By default, cnn_dailymail is used for calibration. The GPTModel will have quantizers for simulating the quantization effect. The checkpoint will be saved optionally (with quantizers as additional states) and can be restored for further evaluation. TensorRT-LLM engine is exported to /tmo/ammo by default.

The script expects ${CHECKPOINT_DIR} (./nemotron-3-8b-base-4k) to have the following structure:

├── model_weights
│   ├── common.pt
│   ...
│
├── model_config.yaml
├── mt_nlg_plus_multilingual_ja_zh_the_stack_frac_015_256k.model

NOTE: The script is using TP=8. Change $TP in the script if your checkpoint has a different tensor model parallelism.

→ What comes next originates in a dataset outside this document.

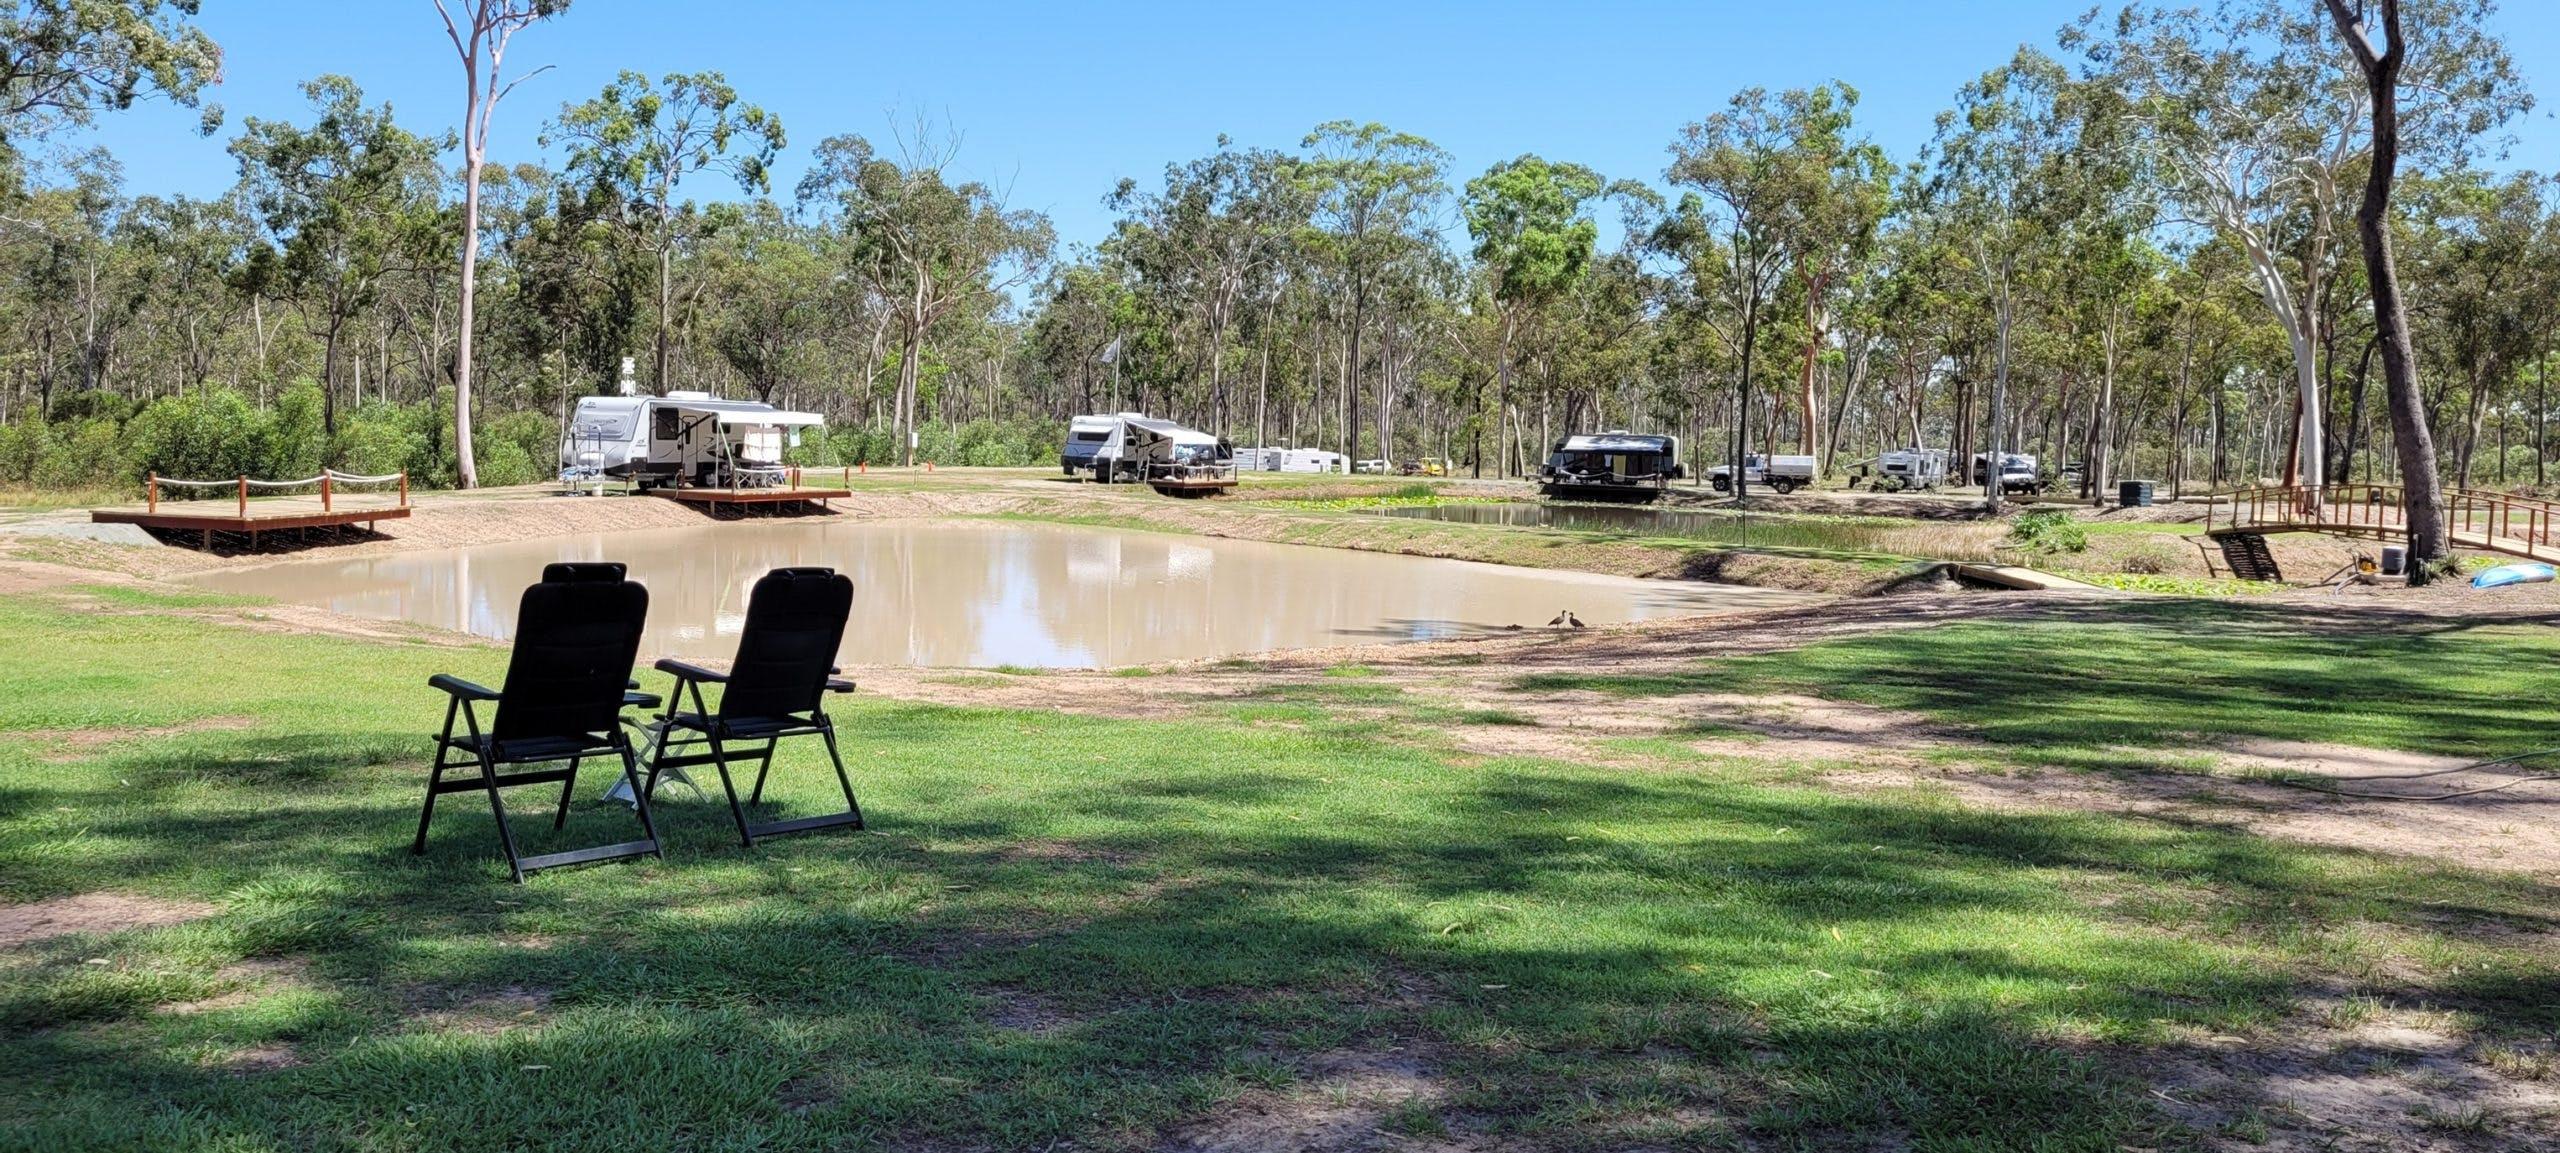 Gum Tree Lodge & Bush Camp Over 50's

KNOWN ISSUES: The mt_nlg_plus_multilingual_ja_zh_the_stack_frac_015_256k.model in the checkpoint is for Megatron-LM's GPTSentencePiece tokenizer. For TensorRT-LLM, we are trying to load this tokenizer as a Hugging Face T5Tokenizer by changing some special tokens, encode, and batch_decode. As a result, the tokenizer behavior in TensorRT-LLM engine may not match exactly.

TROUBLE SHOOTING: If you are loading .nemo sharded checkpoint here, call ammo_load_checkpoint(..., additional_sharded_prefix="model.") with additional sharded prefix in text_generation_ptq.py to align the sharded keys.

llama2-text-7b INT8 SmoothQuant and TensorRT-LLM Deployment

NOTE: Due to the LICENSE issue, we do not provide a MCore checkpoint to download. Users can follow the instruction in docs/llama2.md to convert the checkpoint to megatron classic GPTModel format and use --ammo-load-classic-megatron-to-mcore flag which will remap the checkpoint to the MCore GPTModel spec that we support.

bash examples/inference/ptq_trtllm_llama_7b.sh ${CHECKPOINT_DIR}

The script expect ${CHECKPOINT_DIR} to have the following structure:

├── hf
│   ├── tokenizer.config
│   ├── tokenizer.model
│   ...
│
├── iter_0000001
│   ├── mp_rank_00
│   ...
│
├── latest_checkpointed_iteration.txt

In short, other than the converted llama megatron checkpoint, also put the Hugging Face checkpoint inside as the source of the tokenizer.